Here we're going to define an embedding layer, a single LSTM layer and two dense layers. 

More on regularizing LSTM models: https://arxiv.org/pdf/1708.02182.pdf

In [14]:
# Section 10.2

# Code listing 10.4
K.clear_session()

model = tf.keras.models.Sequential([
    tf.keras.layers.Embedding(input_dim=n_vocab+1, output_dim=512, input_shape=(None,)),
    # Defining an LSTM layer
    tf.keras.layers.GRU(1024, return_state=False, return_sequences=True),
    
    # Defining a Dense layer
    tf.keras.layers.Dense(512, activation='relu'),
    
    # Defining a final Dense layer and softmax activation
    tf.keras.layers.Dense(n_vocab, name='final_out'),
    tf.keras.layers.Activation(activation='softmax')
])

## Defining the Perplexity Metric

Perplexity measures given a sequence of $n-1$ words, how surprised (or perplexed) the model was to see the $n^{th}$ word.

In [15]:
# Section 10.3

# Code listing 10.5
import tensorflow.keras.backend as K

# Inspired by https://gist.github.com/Gregorgeous/dbad1ec22efc250c76354d949a13cec3
class PerplexityMetric(tf.keras.metrics.Mean):
    
    def __init__(self, name='perplexity', **kwargs):
      super().__init__(name=name, **kwargs)
      self.cross_entropy = tf.keras.losses.SparseCategoricalCrossentropy(from_logits=False, reduction='none')
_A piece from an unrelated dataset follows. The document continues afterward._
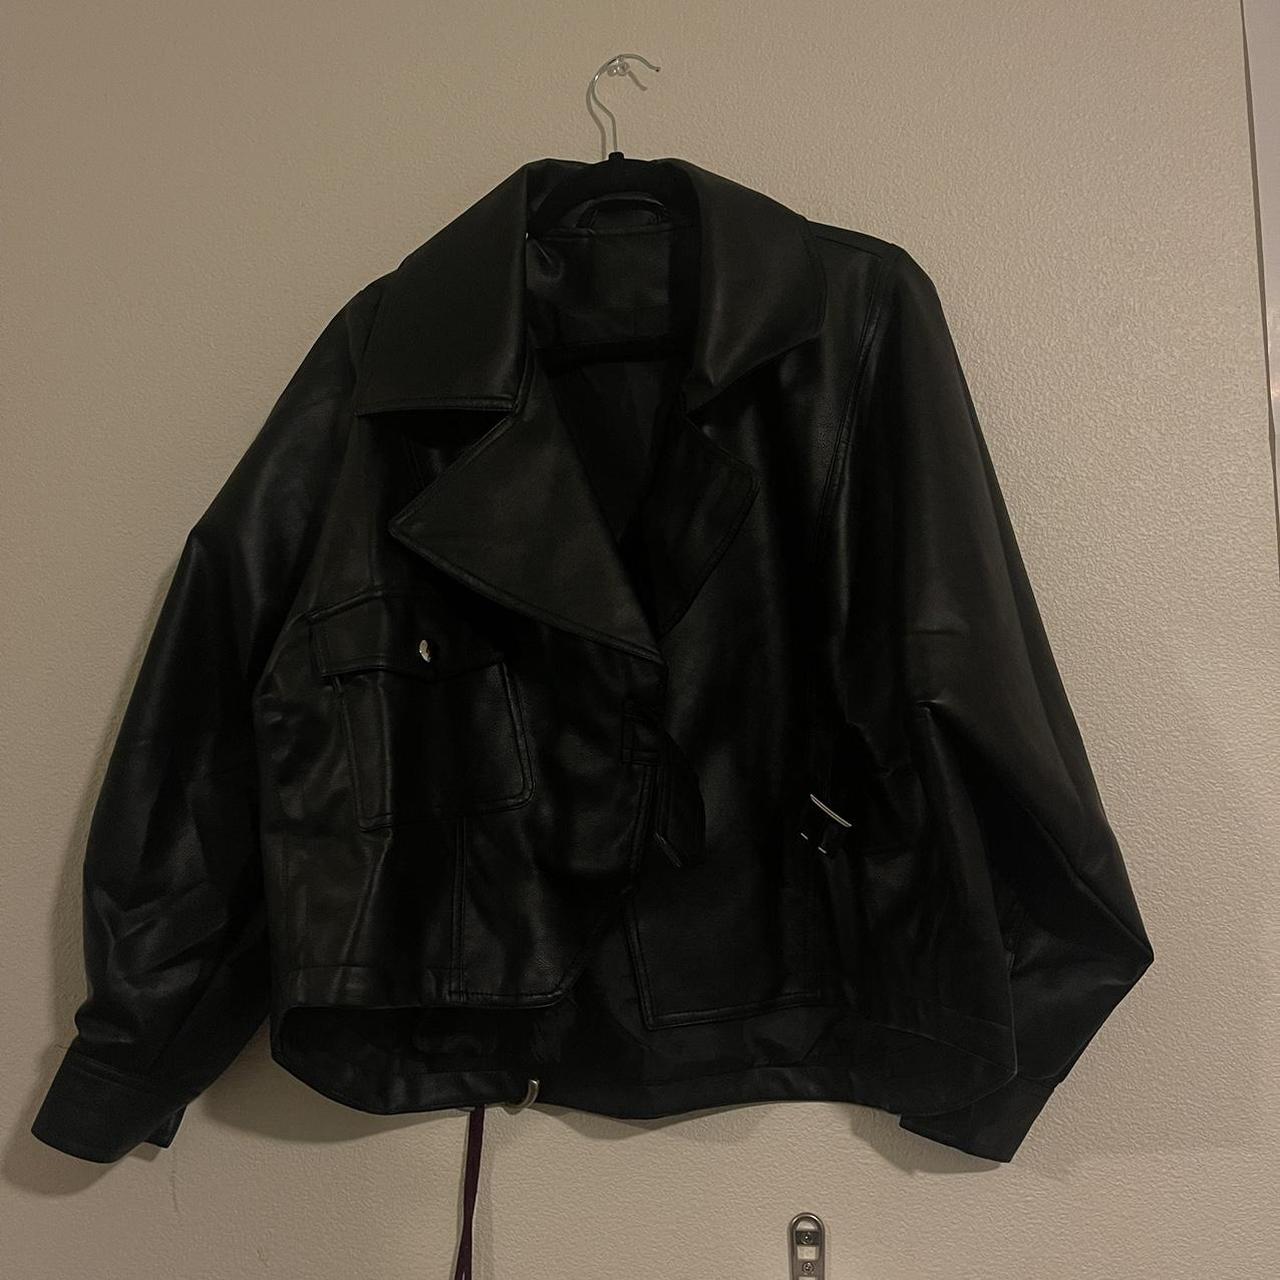 Black Leather Jacket Over sized Worn once - Depop

    def _calculate_perplexity(self, real, pred):
      # The next 4 lines zero-out the padding from loss calculations, 
      # this follows the logic from: https://www.tensorflow.org/beta/tutorials/text/transformer#loss_and_metrics 			      
      loss_ = self.cross_entropy(real, pred)
      
      # Calculating the perplexity steps: 
      step1 = K.mean(loss_, axis=-1)
      perplexity = K.exp(step1)
      #perplexity = K.mean(step2)
    
      return perplexity 

    def update_state(self, y_true, y_pred, sample_weight=None):            
      perplexity = self._calculate_perplexity(y_true, y_pred)
      # Remember self.perplexity is a tensor (tf.Variable), so using simply "self.perplexity = perplexity" will result in error because of mixing EagerTensor and Graph operations 
      super().update_state(perplexity)

## Test the Perpelxity calculations

In [16]:
p = PerplexityMetric()
# Define a set of true targets
true = [[0, 1,2],[0, 1,2]]
# Define a set of predictions
pred = [[[0.9, 0.1, 0.0], [0.3, 0.7, 0.0], [0.0, 0.1, 0.9]],[[0.9, 0.1, 0.0], [0.3, 0.7, 0.0], [0.0, 0.1, 0.9]]]

# Compute perplexity
p.update_state(true, pred)
print(p.result())

tf.Tensor(1.2082006, shape=(), dtype=float32)


## Compiling the model

We will compile the model with `sparse_categorical_crossentropy`, `adam` optimizer and `accuracy` and `perplexity` metrics.

In [17]:
# Compile the model
model.compile(
    loss='sparse_categorical_crossentropy', optimizer='adam', metrics=['accuracy', PerplexityMetric()]
)
model.summary()

Model: "sequential"
_________________________________________________________________
 Layer (type)                Output Shape              Param #   
 embedding (Embedding)       (None, None, 512)         376320    
                                                                 
 gru (GRU)                   (None, None, 1024)        4724736   
                                                                 
 dense (Dense)               (None, None, 512)         524800    
                                                                 
 final_out (Dense)           (None, None, 734)         376542    
                                                                 
 activation (Activation)     (None, None, 734)         0         
                                                                 
Total params: 6,002,398
Trainable params: 6,002,398
Non-trainable params: 0
_________________________________________________________________


## Training the model

Here we're going to train the model. To keep the training shorter, we will only use 50/98 storings in the training set. We will also generate sequences at a shift of 25.

In [18]:
# Section 10.4

train_ds = get_tf_pipeline(train_data_seq[:50], n_seq, shift=25, batch_size=128)
valid_ds = get_tf_pipeline(val_data_seq, n_seq, shift=n_seq, batch_size=128)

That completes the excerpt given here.